ACT predicts action chunks from a CLS-token representation; Diffusion Policy models the action distribution with denoising.
These approaches operate in coordinate space and are sensitive to viewpoint and position shift.

\paragraph{Pixel-aligned prediction.}
Dense, spatially-aligned outputs are standard in 3D vision (depth, flow, correspondence).
Transporter Networks and CLIPort use dense pick-and-place predictions but are limited to top-down planar tasks.
PARA extends pixel-aligned prediction to 6-DoF manipulation via height-bin classification.

\paragraph{Point tracking for robot control.}
Recent approaches use predicted 2D point trajectories as intermediate representations but still regress global coordinates from tracked points.
We compare against a motion-track baseline and show dense pixel classification provides stronger robustness.

\paragraph{Video models for robot control.}
UniPi and SuSIE generate goal-conditioned video and extract actions via inverse dynamics.
PARA heads read actions directly from video diffusion features without a separate inverse model.


%% ============================================================
%% METHOD
%% ============================================================
\section{Method}
\label{sec:method}

\subsection{Problem Setup}
We consider behavioral cloning from demonstrations $\mathcal{D} = \{(I_t, a_t, K, T_{\text{cam}})\}$, where $I_t$ is an RGB image, $a_t$ is the end-effector action (3D position + gripper state), $K$ is the camera intrinsic matrix, and $T_{\text{cam}}$ is the extrinsic transform.
We assume a known support surface defining a world-frame height axis.
The policy predicts the next $N_W$ actions from a single image.

\subsection{Pixel-Aligned Heatmap Volume}

\begin{wrapfigure}{r}{0.33\linewidth}
\vspace{-0.6em}
\centering
\includegraphics[width=\linewidth]{figs/method_height.pdf}
\caption{\textbf{Height is view-invariant.} For the same physical target, depth changes with camera position (0.38\,m vs.\ 0.50\,m), but height above the table is constant.
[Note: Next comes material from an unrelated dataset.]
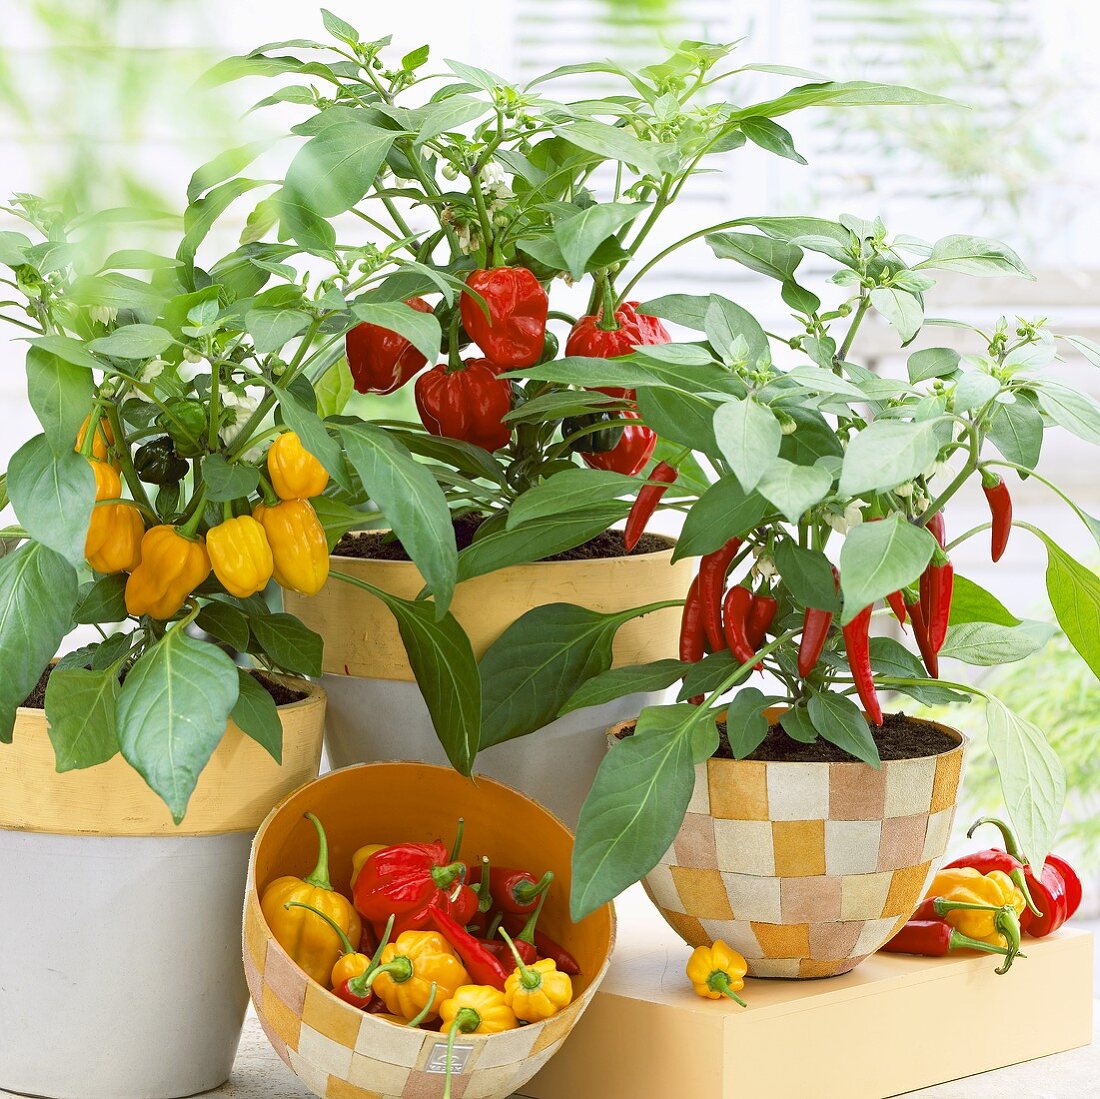 Chilli plants in pots
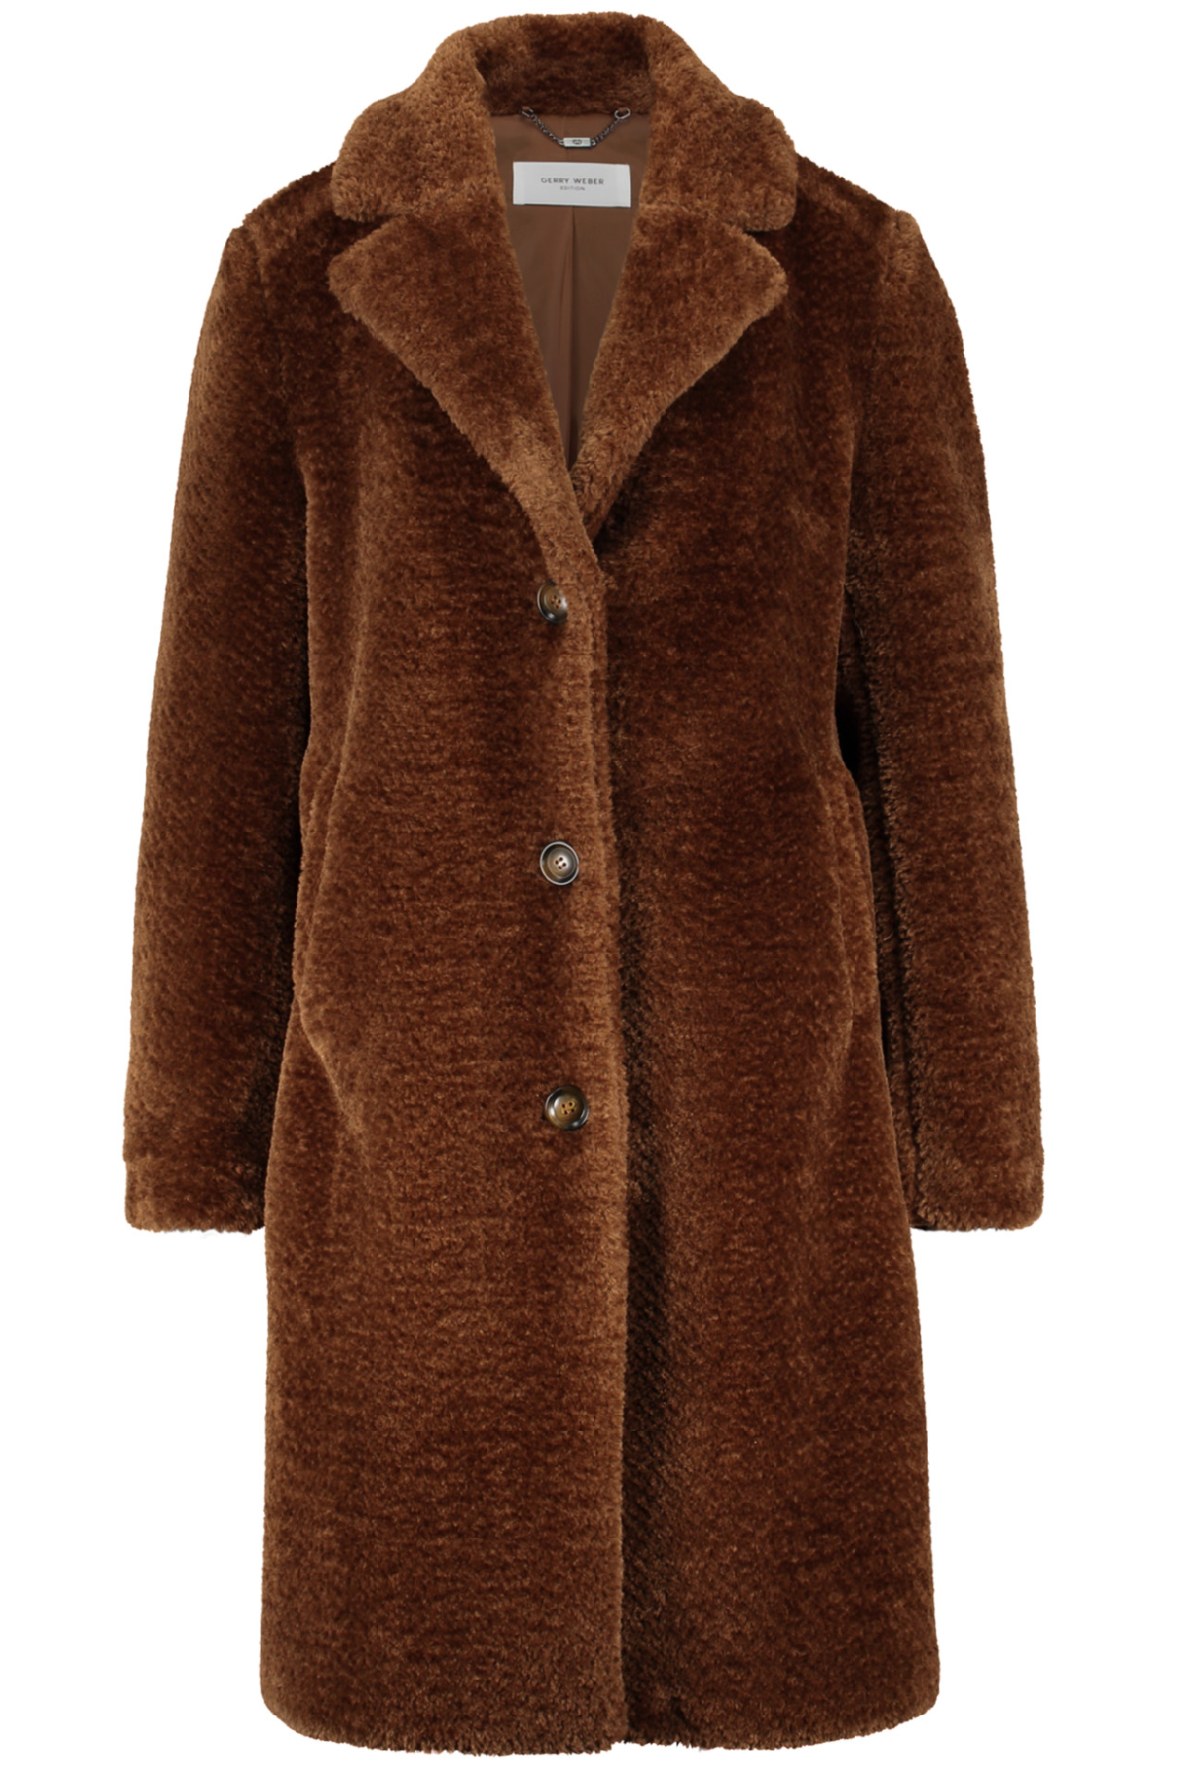 edition frakke i brun til damer - Hos Lohse

PARA predicts height, making the lifting step camera-invariant.}
\label{fig:method_height}
\vspace{-1.0em}
\end{wrapfigure}

PARA decomposes action prediction into three pixel-space classification problems (Figure~\ref{fig:method_perpixel}).

\paragraph{2D localization.}
A vision encoder $f_\theta$ produces spatial features $F \in \mathbb{R}^{H' \times W' \times C}$.
A 1$\times$1 conv head, bilinearly upsampled to $(H, W)$, produces heatmap logits $Z \in \mathbb{R}^{N_W \times H \times W}$ per timestep.
Supervision is cross-entropy over the flattened $H \times W$ grid:
\begin{equation}
\mathcal{L}_{\text{spatial}} = -\frac{1}{N_W} \sum_{k=1}^{N_W} \log \frac{\exp(Z_k[u_k^*, v_k^*])}{\sum_{u,v} \exp(Z_k[u,v])},
\label{eq:spatial_loss}
\end{equation}
where $p_k^* = (u_k^*, v_k^*)$ is the ground-truth pixel obtained by projecting the demonstrated end-effector position.
At inference, $\hat{p}_k = \arg\max_{u,v}\, Z_k[u,v]$.

\paragraph{Height prediction.}
A second head produces per-pixel logits over $N_H$ height bins: $H_{\text{vol}} \in \mathbb{R}^{N_W \times N_H \times H \times W}$.
During training, height loss is evaluated at the ground-truth pixel (teacher forcing):
\begin{equation}
\mathcal{L}_{\text{height}} = -\frac{1}{N_W} \sum_{k=1}^{N_W} \log \frac{\exp(H_{\text{vol},k}[h_k^*, u_k^*, v_k^*])}{\sum_{j=1}^{N_H} \exp(H_{\text{vol},k}[j, u_k^*, v_k^*])}.
\end{equation}
At inference, height logits are read at the predicted pixel $\hat{p}_k$.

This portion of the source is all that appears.